The changelog is modified.

> > > Signed-off-by: Ray Chi <raychi@xxxxxxxxxx>
> > > ---
> > > Changes since v2:
> > > - replace the quirk with the attribute
> > > - Document the attribute
> > > - modify hub_port_stop_enumerate() position in port_event()
> > > - modify the changelog
> > >
> > > Changes since v1:
> > > - remove usb_hub_set_port_power()
> > > - add a variable ignore_connect into struct port_dev
> > > - modify hub_port_stop_enumerate() and set ignore_connect in
> > > this function
> > > - avoid calling hub_port_connect_change() in port_event()
> > > ---
> > > Documentation/ABI/testing/sysfs-bus-usb | 9 ++++++
> > > drivers/usb/core/hub.c | 39 +++++++++++++++++++++++++
> > > drivers/usb/core/hub.h | 4 +++
> > > drivers/usb/core/port.c | 23 +++++++++++++++
> > > 4 files changed, 75 insertions(+)
> > >
> > > diff --git a/Documentation/ABI/testing/sysfs-bus-usb b/Documentation/ABI/testing/sysfs-bus-usb
> > > index 568103d3376e..d44c8aaef929 100644
> > > --- a/Documentation/ABI/testing/sysfs-bus-usb
> > > +++ b/Documentation/ABI/testing/sysfs-bus-usb
> > > @@ -264,6 +264,15 @@ Description:
> > > attached to the port will not be detected, initialized,
> > > or enumerated.
> > >
> > > +What: /sys/bus/usb/devices/.../<hub_interface>/port<X>/quick_init
> > > +Date: Sep 2022
> > > +Contact: Ray Chi <raychi@xxxxxxxxxx>
> > > +Description:
> > > + Some USB hosts have some watchdog mechanisms so that the device
> > > + may enter ramdump if it takes a long time during port initialization.
> > > + This attribute limits the numbers of retries and timeout lengths once
> > > + an initialization of the port meets failures.
> >
> > The text here is very odd, maybe it's just a translation issue.
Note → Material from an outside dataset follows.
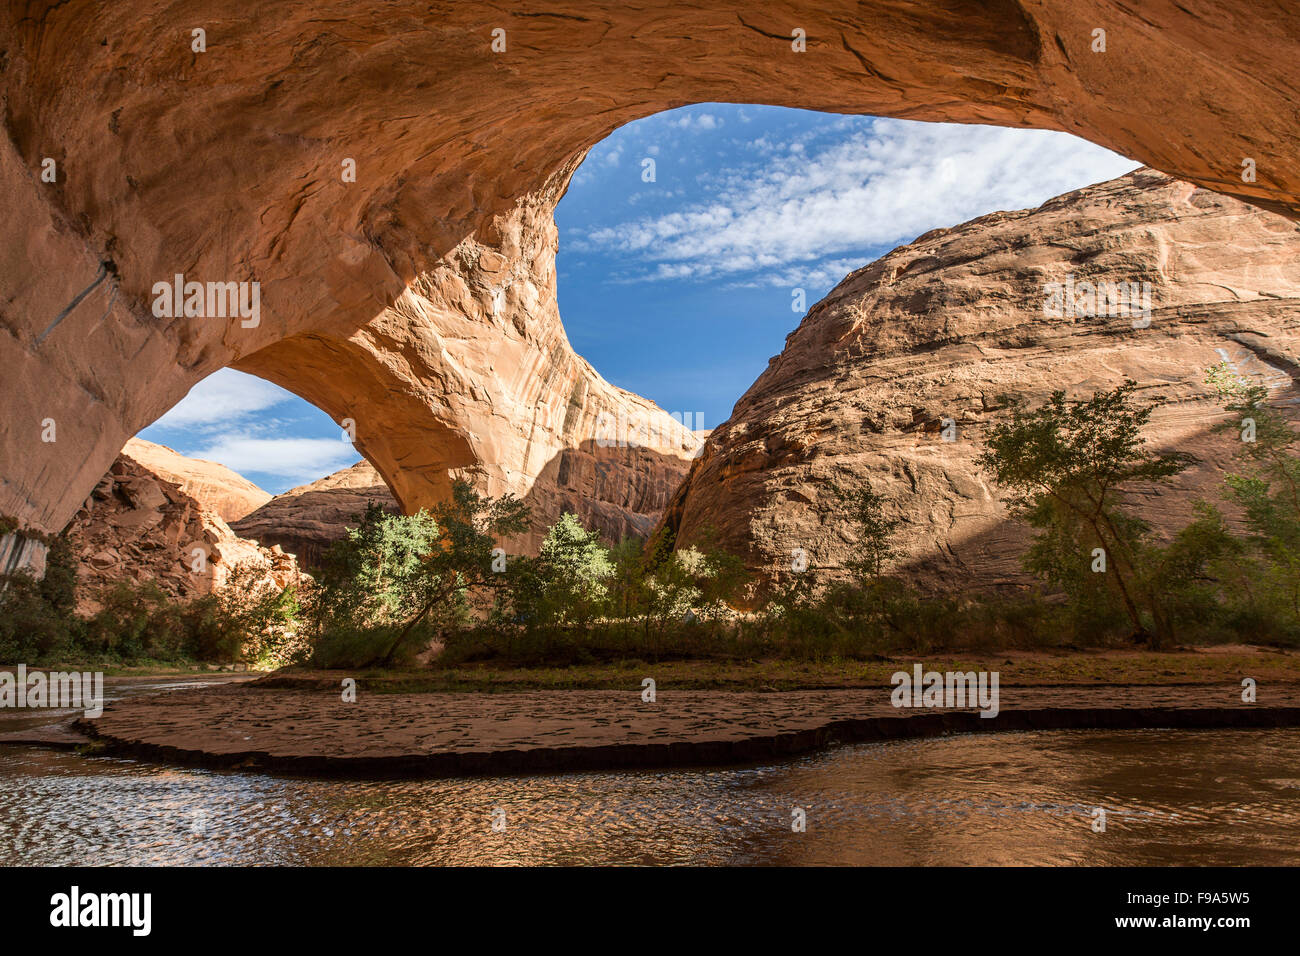 A large natural arch spans over a canyon with running water in the desert. Stock Photo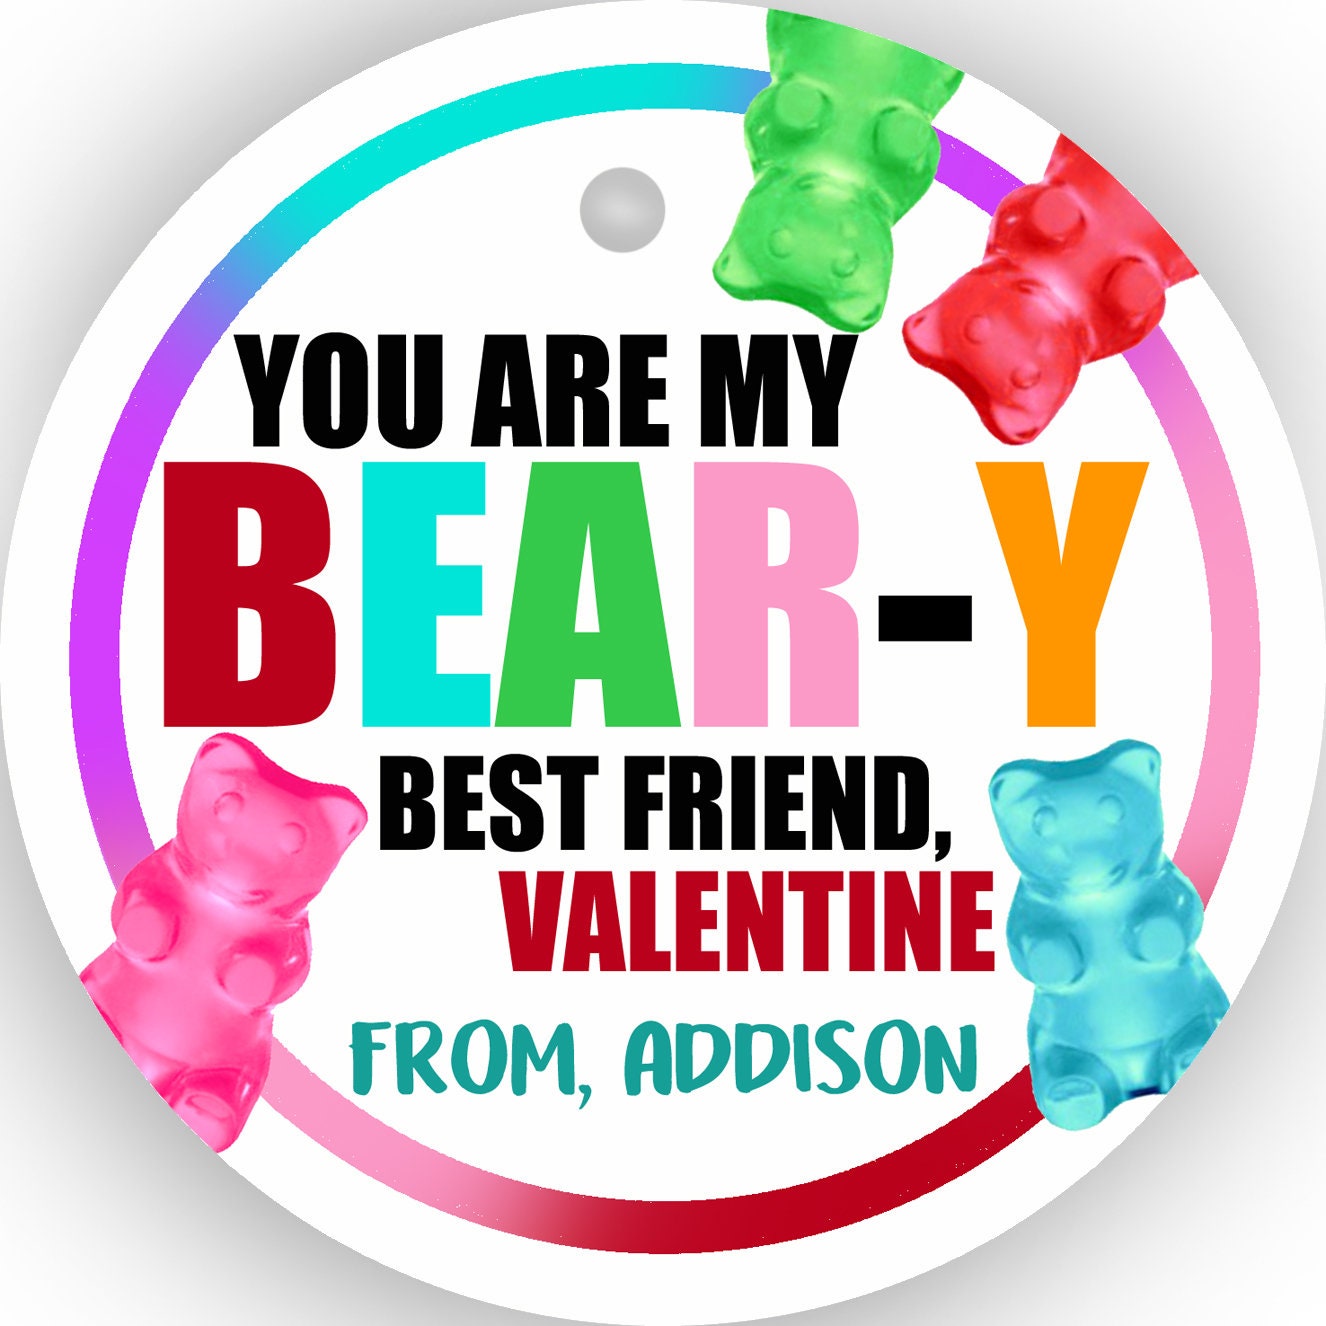 Gummy Bear Valentine You to Go With Cute Gummies for Kid's Valentine's Day  Gifts Friends Class Instant Digital Download or Print Mailed -  Denmark

A port
> > can not "meet" a failure. And this really has nothing to do with any
> > watchdog, it's just a "we want to fail broken devices quickly instead of
> > giving them lots of time to connect" type of issue, right?
> >
> > And we already have different init schemes, "quick" is an odd way to
> > phrase this, but I can't think of anything else at the moment.
>
> "fail-fast" gives the idea better, but it's more awkward.
>

The documentation is modified and I rename the sysfs node from quick_init to
early_stop. I think it would be better.

> > > +
> > > What: /sys/bus/usb/devices/.../power/usb2_lpm_l1_timeout
> > > Date: May 2013
> > > Contact: Mathias Nyman <mathias.nyman@xxxxxxxxxxxxxxx>
> > > diff --git a/drivers/usb/core/hub.c b/drivers/usb/core/hub.c
> > > index d4b1e70d1498..f22caa133274 100644
> > > --- a/drivers/usb/core/hub.c
> > > +++ b/drivers/usb/core/hub.c
> > > @@ -3081,6 +3081,29 @@ static int hub_port_reset(struct usb_hub *hub, int port1,
> > > return status;
> > > }
> > >
> > > +/* Check whether a hub would stop enumeration or ignore events on the port. */
> >
> > Based on what? Retries? Time of day? Phase of moon? :)
> >

I added more comments to explain the details.

> > > +static bool hub_port_stop_enumerate(struct usb_hub *hub, int port1, int retries)
> > > +{
> > > + struct usb_port *port_dev = hub->ports[port1 - 1];
> > > +
> > > + if (port_dev->quick_init) {
> > > + if (port_dev->ignore_connect)
> > > + return true;
> > > +
> > > + /*
> > > + * Since some normal devices will be timeout in the first attempt,
> > > + * set the condition to half of the retries
> > > + */
> > > + if (retries < (PORT_INIT_TRIES - 1) / 2)
> > > + return false;
>
> This is not a good test. You shouldn't rely on PORT_INIT_TRIES having
> any particular value or being used in any particular way. You should
> just something like:
>
> /*
> * We want unsuccessful attempts to fail quickly.
> * Therefore allow three tries but no more.
> */
> if (retries < 3)
>

It is modified.

> > > +
> > > + port_dev->ignore_connect = true;
> > > + } else
> > > + port_dev->ignore_connect = false;
> >
> > So this function modifies a port_dev value, AND returns it to the
> > caller? Why not document that somewhere? Why do both?
> >

I add the comments to explain the details.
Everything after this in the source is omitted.